[Stored items from a collection]

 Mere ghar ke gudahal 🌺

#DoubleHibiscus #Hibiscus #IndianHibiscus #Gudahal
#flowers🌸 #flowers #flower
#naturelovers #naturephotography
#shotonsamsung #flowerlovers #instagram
--
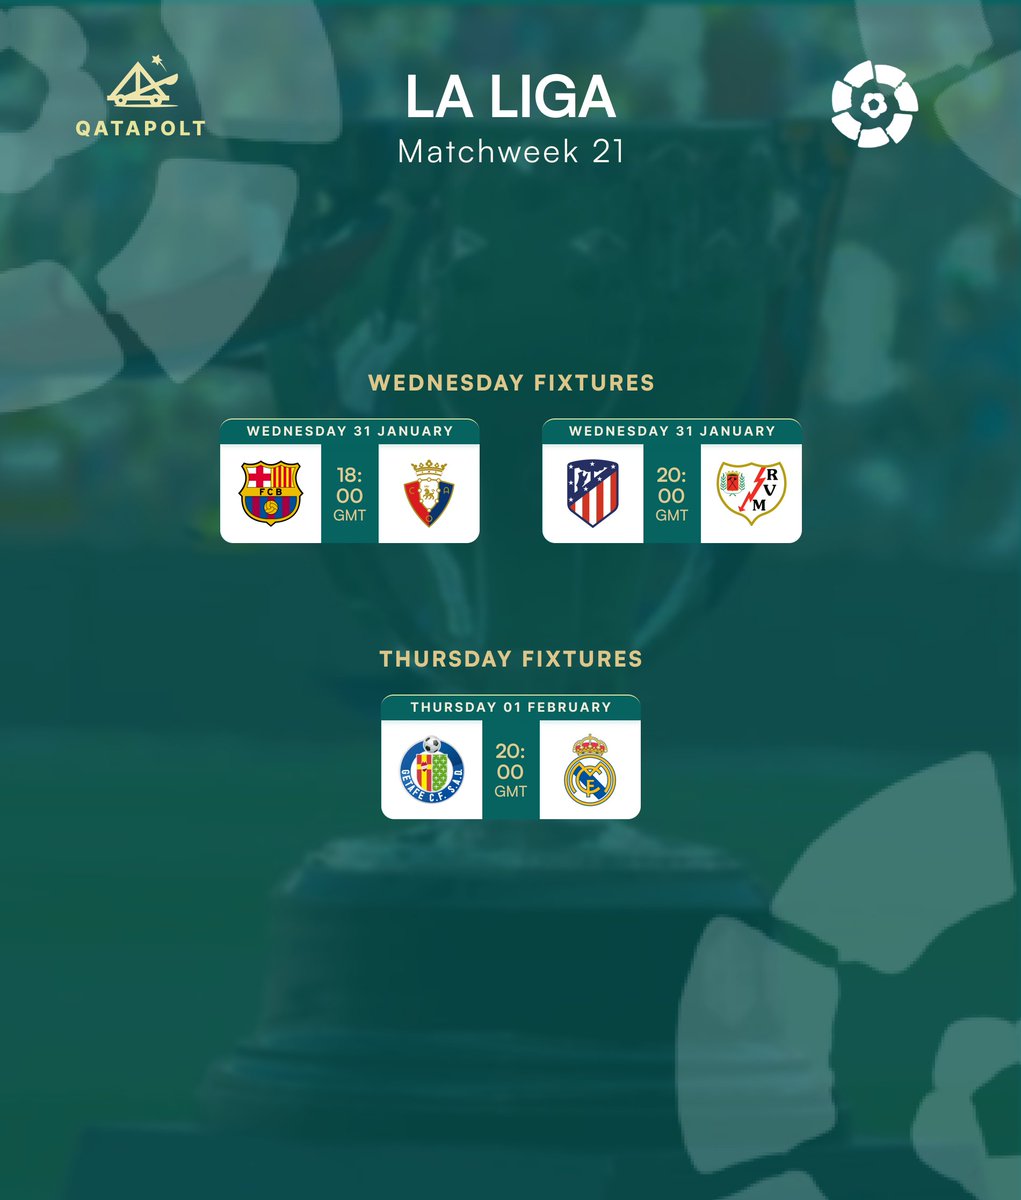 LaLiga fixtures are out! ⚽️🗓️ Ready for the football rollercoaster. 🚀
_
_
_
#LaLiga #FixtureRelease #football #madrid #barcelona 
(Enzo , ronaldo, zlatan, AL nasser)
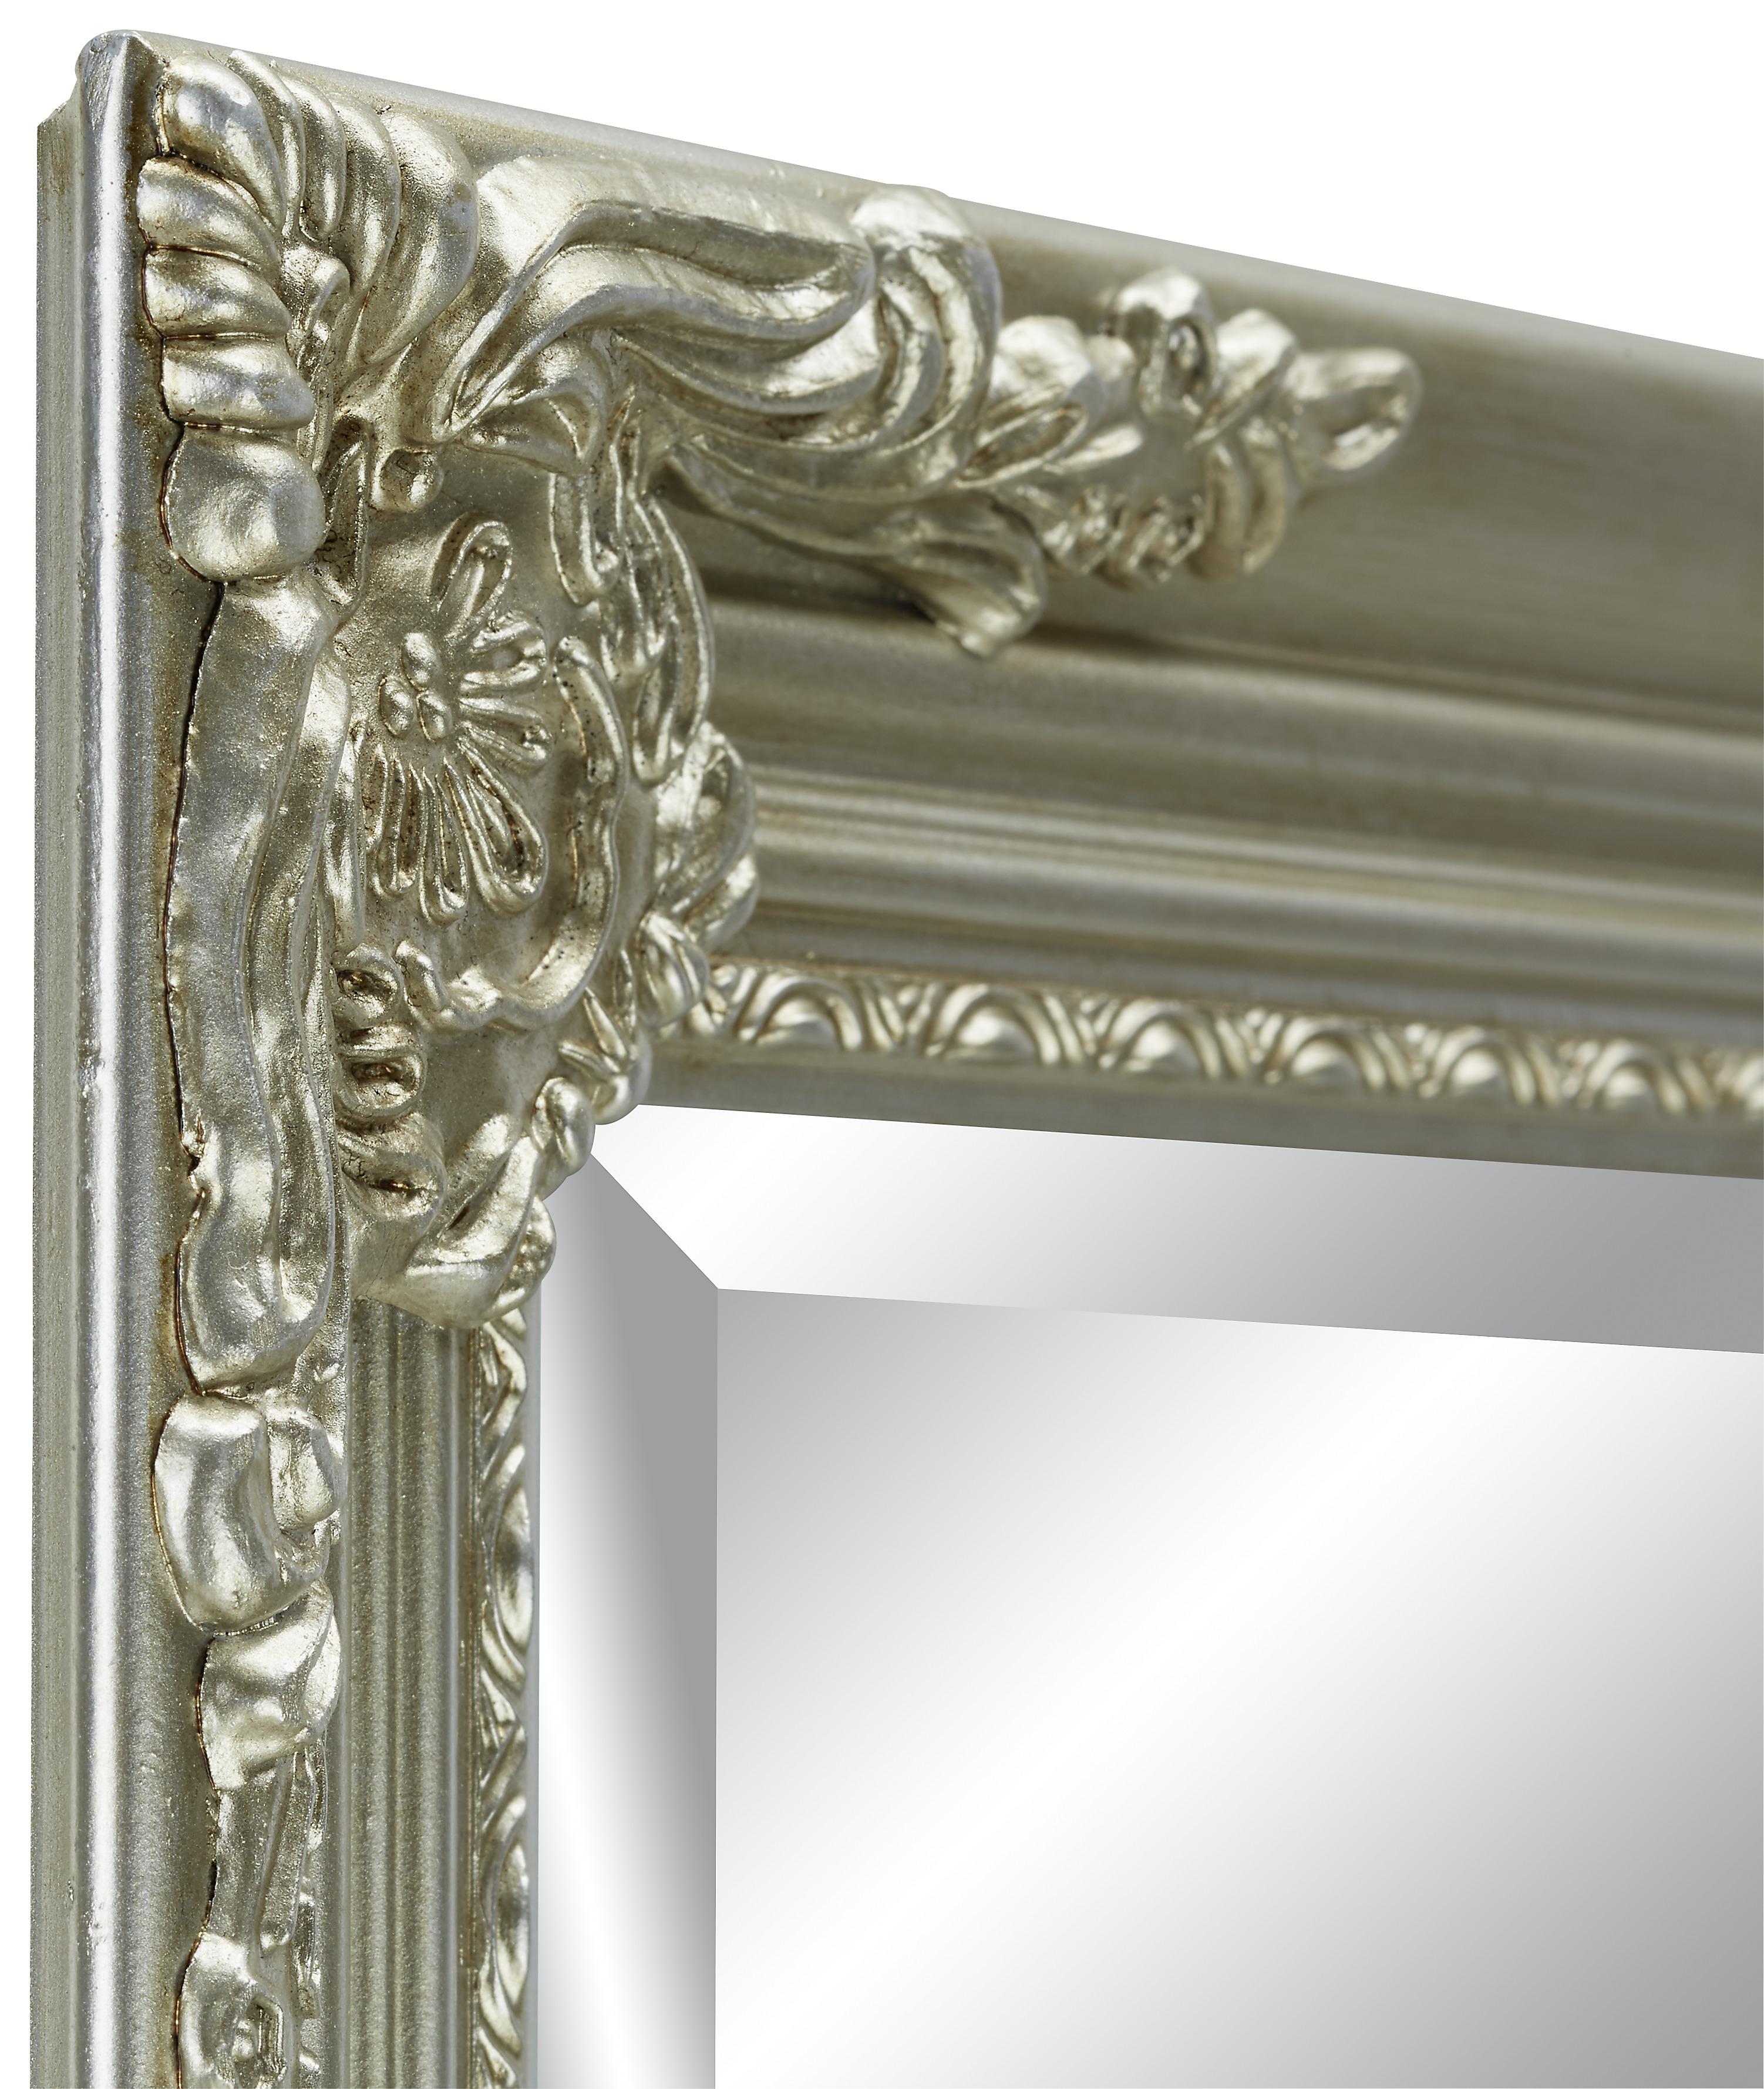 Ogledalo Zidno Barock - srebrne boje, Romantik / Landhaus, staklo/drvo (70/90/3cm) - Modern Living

Exercise requirements | Reproduce the entries exactly, from the line with "LaLiga fixtures are" to the line with "Ogledalo Zidno Barock", both lines included, keeping no pictures.

Written solution |
 LaLiga fixtures are out! ⚽️🗓️ Ready for the football rollercoaster. 🚀
_
_
_
#LaLiga #FixtureRelease #football #madrid #barcelona 
(Enzo , ronaldo, zlatan, AL nasser)
 Ogledalo Zidno Barock - srebrne boje, Romantik / Landhaus, staklo/drvo (70/90/3cm) - Modern Living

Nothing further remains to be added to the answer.